Mi rival me está masacrando. Todavía no puedo sacar esa maldita escalera que siempre se me resiste y él ya tiene no solo una escalera servida sino también una generala. Nos quedan dos turnos para terminar. La escalera no sale, decido tacharla y jugarme a sacar mi propia generala en el último turno. Al turno siguiente saco escalera servida, y en los dos tiros siguientes los dados se resisten y tampoco saco la generala. Mi rival hace su último turno. En el primer tiro saca 3 cuatros. En el segundo saca otros dos. Me gana por escándalo, levanta los brazos y da una vuelta olímpica alrededor de la mesa.
Mi rival se llama Milo, tiene 9 años, es mi hijo menor y supuestamente es un centennial que solo entiende de la era digital: dada su performance con los dados y el cubilete, desearía que fuera así.
Corren tiempos extraños, qué duda cabe.

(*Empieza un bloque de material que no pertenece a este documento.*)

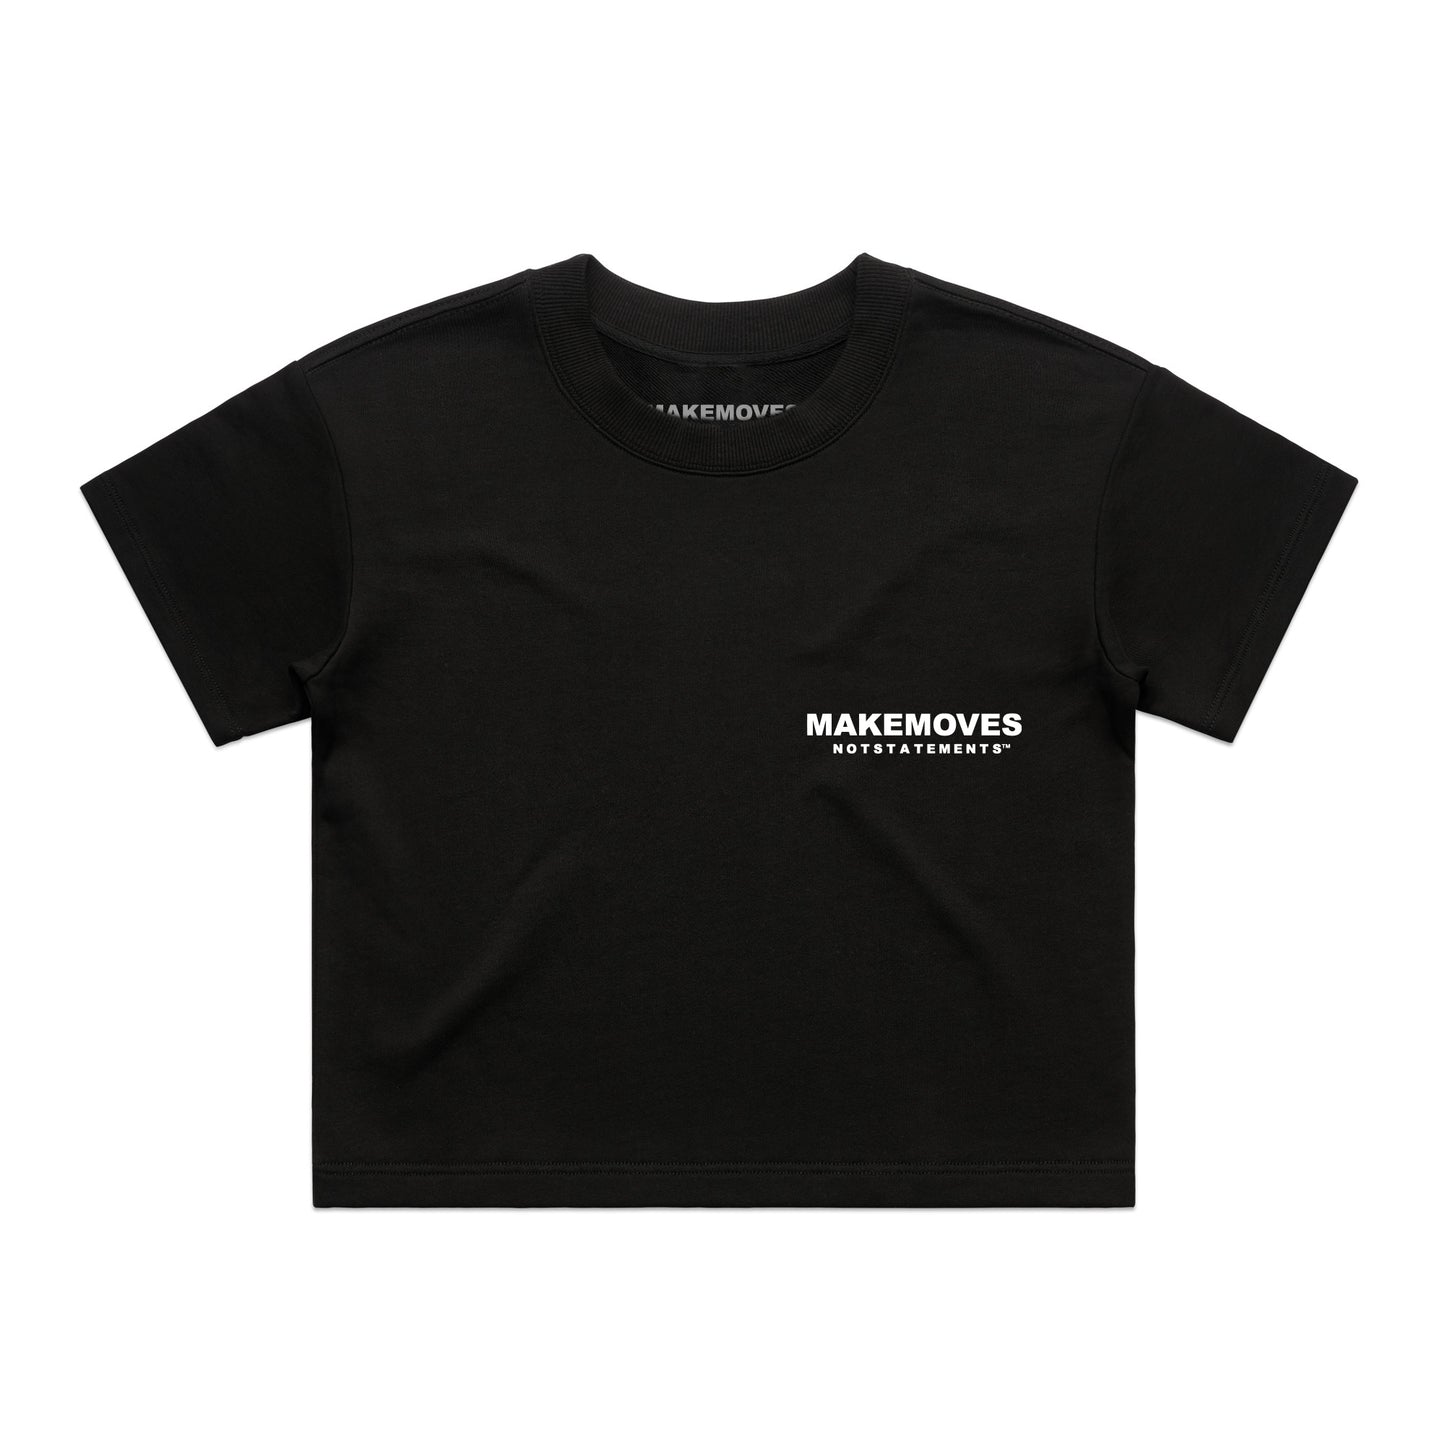 MMNS Woman's Tee in black is made of 100% cotton, french terry. The tee features a small Make Moves Not Statements logo on the front corner and a large logo on the back in white font.

El gran desafío para los padres en el aislamiento social por el Covid-19 es cómo dosificarle a los pibes el asunto de las pantallas de diferente tamaño: la tele, la compu, el celu, en orden decreciente de tamaño pero con el mismo poder adictivo. Sobre todo teniendo en cuenta que su escuela también les está enviando tareas y clases virtuales por esa vía, y eso también debe ser prioridad si no quieren terminar como los compañeros de la vaca de Humahuaca.
Pero quizá no es tan curioso que los pibes terminen encontrándole el gusto a lo analógico. Hasta ellos, que podrían estar horas y horas enganchados a la Play, en algún momento sienten cierta necesidad de matizar. Y les llama la atención el mundo del entretenimiento de los viejos, esa manía del papel y la lapicera, de los tableros, de los naipes. De hecho, Gael y Benicio ya dominan el póker, juego al que nunca le encontré el gusto o la habilidad. Por suerte les llevo unos cuantos años de ventaja en el truco, a eso todavía puedo ganarles.
Algo de enseñanza queda para los pibes en todo este quilombo, sobre todo cuando la superpoblación de conexiones a internet hace todo demasiado lento para su ansiedad acostumbrada a la banda ancha. Los días se hacen largos, los papis rompemos la paciencia conque hagan algo diferente, pero al cabo terminan encontrándole el gusto, aunque más no sea para reírse de nosotros un rato. Usan los billetes del Estanciero o Monopoly para apostar al póker. Señalan entre risas la foto de la abuelita en la caja del Bingo con bolillero que bajamos desde el último estante, prueba rotunda de la antigüedad de nuestros entretenimientos analógicos. Pero, como cuando en sus celulares deciden poner a AC/DC o Estelares entre tanto trap y latino dudoso, en algún momento sorprenden eligiendo lo analógico por ellos mismos y no por imposición. Descubriendo el inoxidable encanto del TEG o el 1000 Millas o buscando romper con los dados el inédito silencio que llega de la calle, pidiendo una nueva partida. Sobre todo el chiquito, maldito enano y su imán para las generalas.